* [DATA SEGMENT]

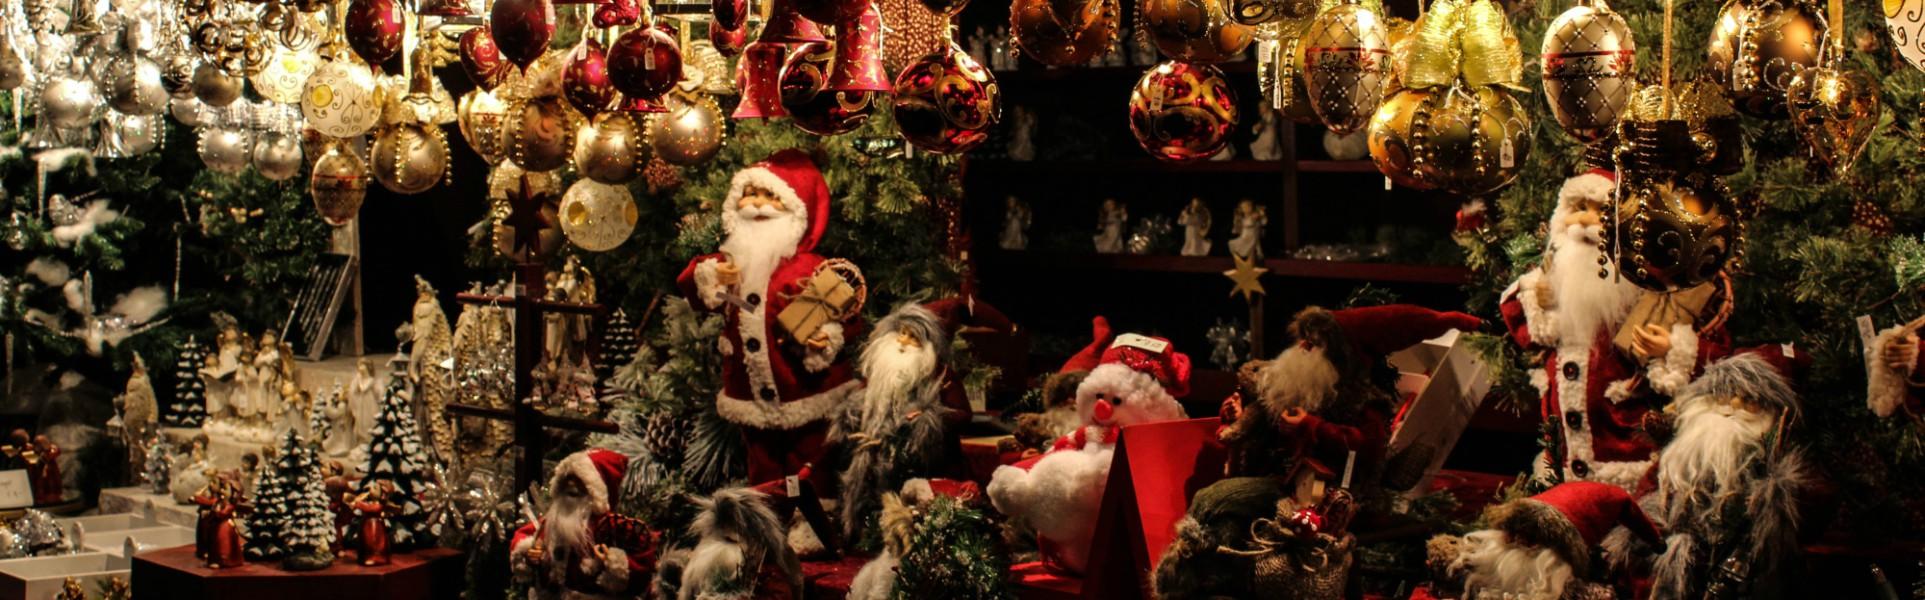 christmas-market-540918-1
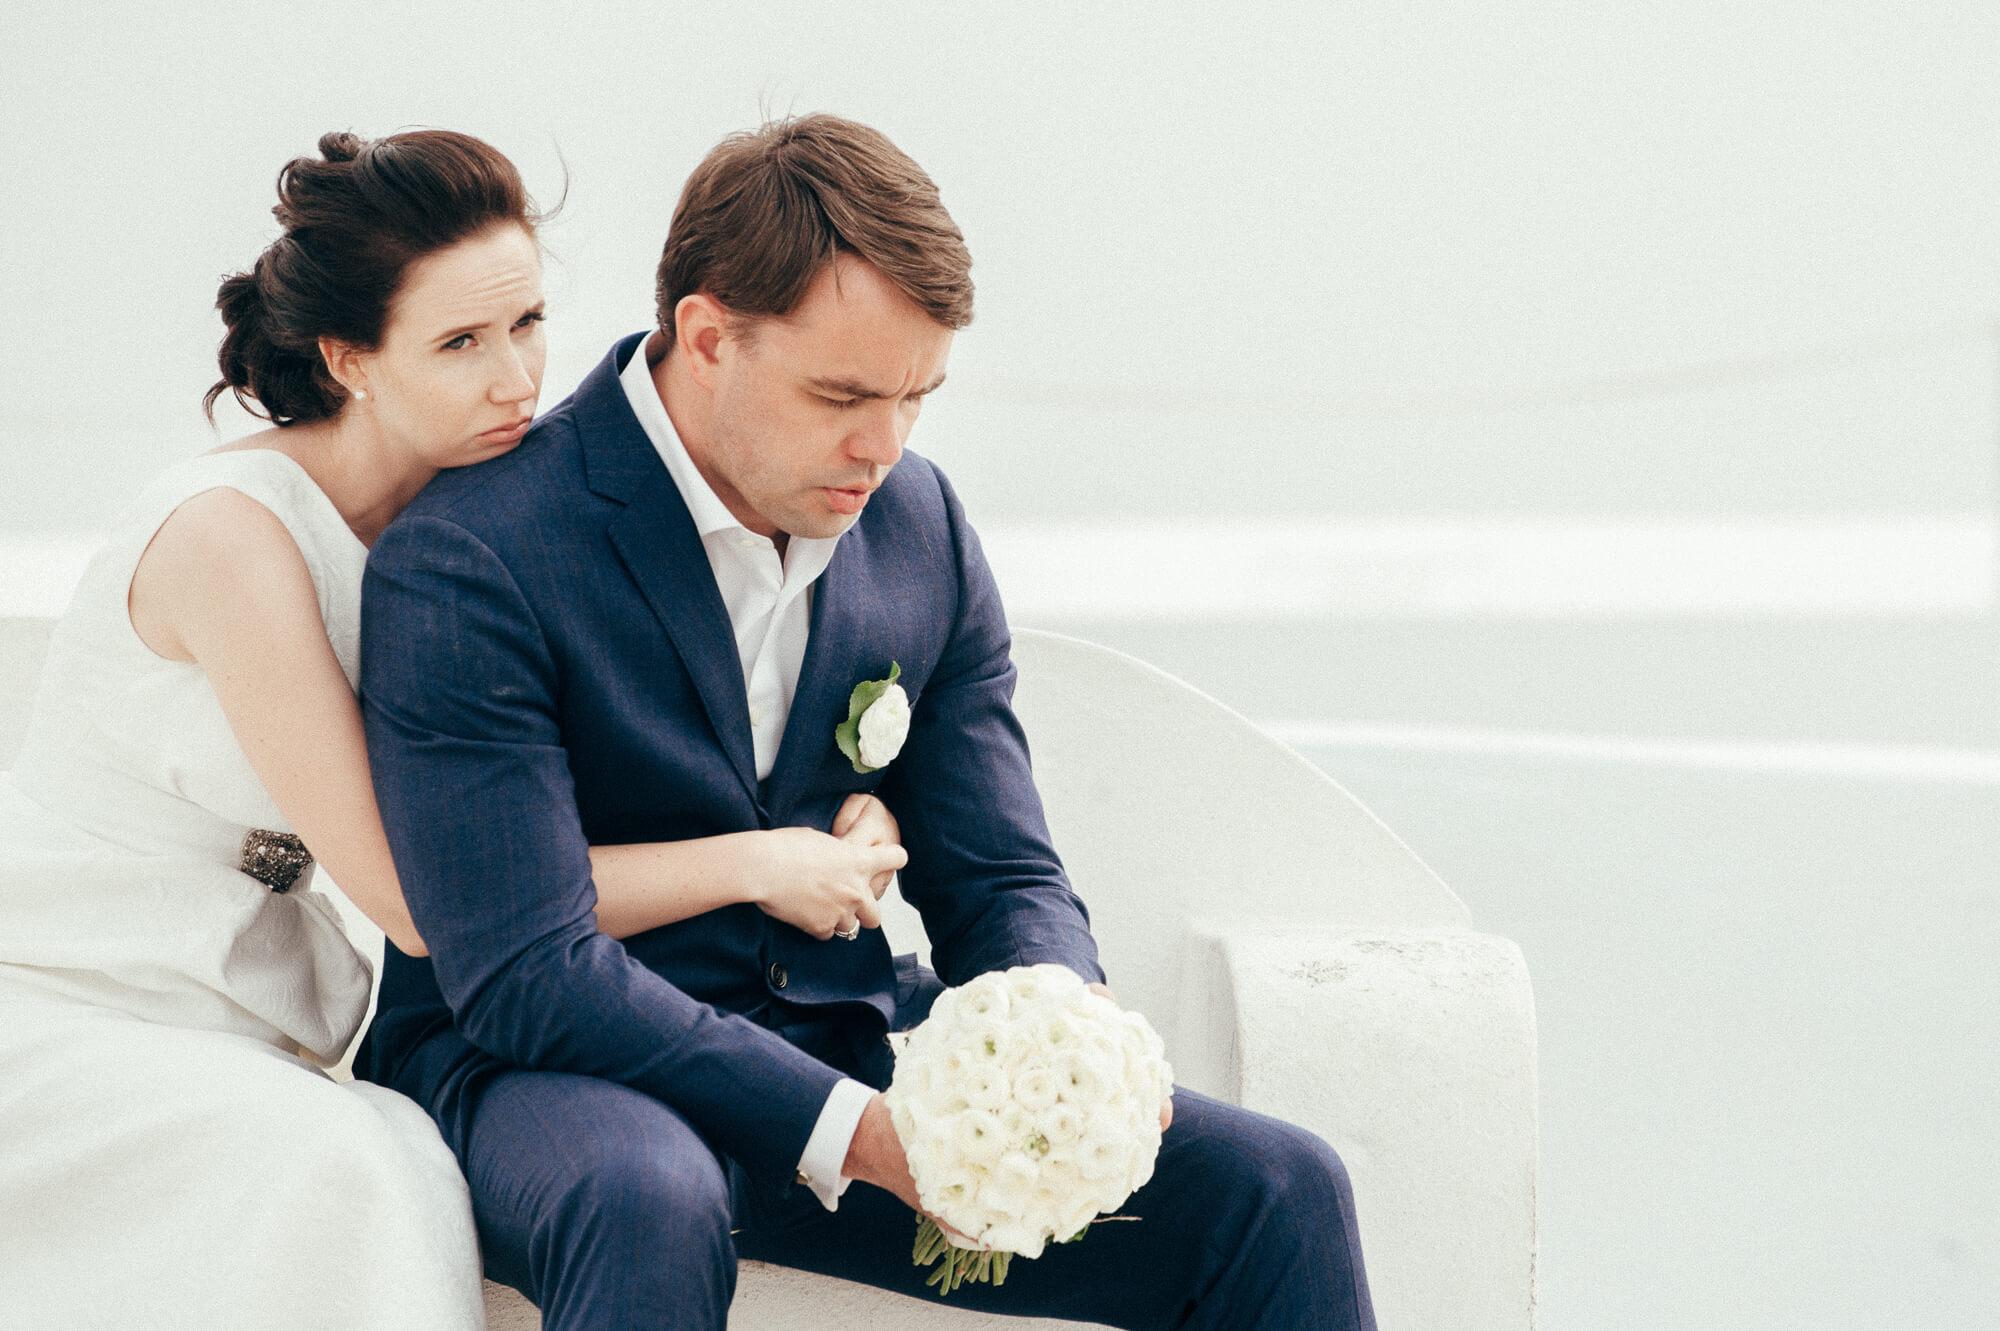 manes-wedding-photographer-greece-146
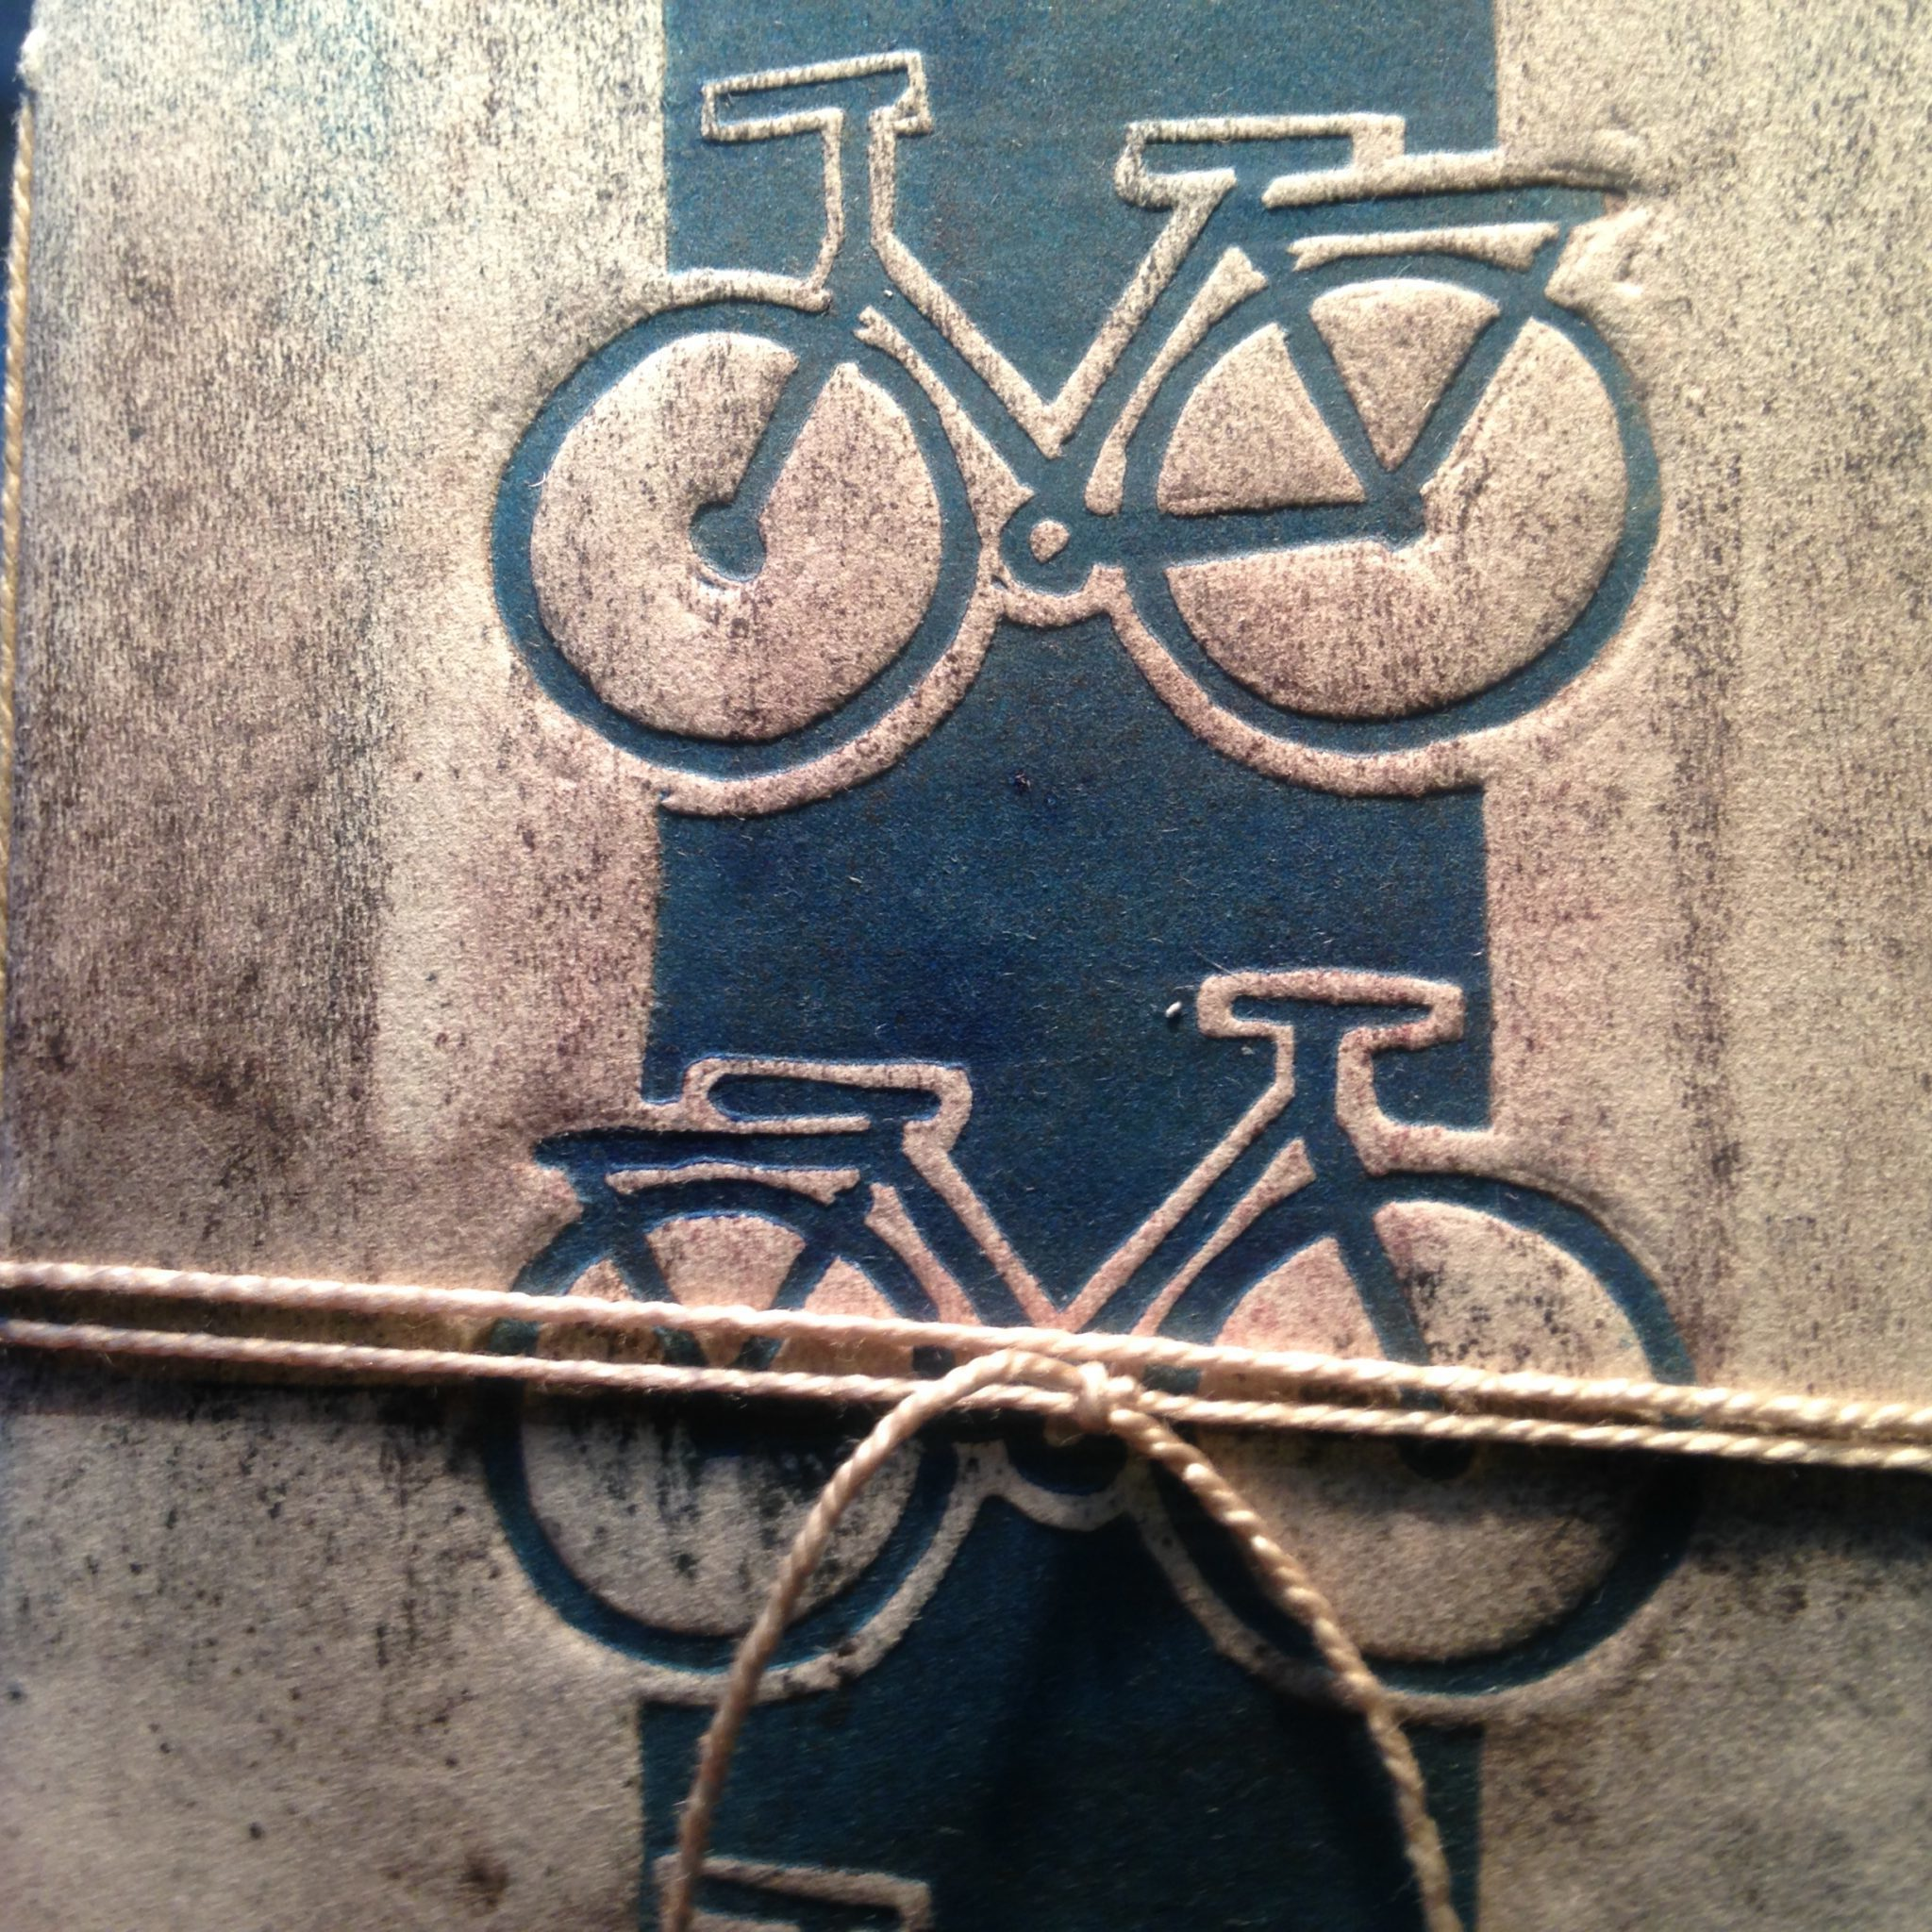 LinoLino | Linogravure et créations à partir d'impressions artisanales | Chambéry, France | Impression originale illustration detail carnet velo gaufrage

* [EXERCISE REQUIREMENTS]
When repeating the material above, keep every line exact and drop all pictures.

* [TASK SOLUTION]
 christmas-market-540918-1
 manes-wedding-photographer-greece-146
 LinoLino | Linogravure et créations à partir d'impressions artisanales | Chambéry, France | Impression originale illustration detail carnet velo gaufrage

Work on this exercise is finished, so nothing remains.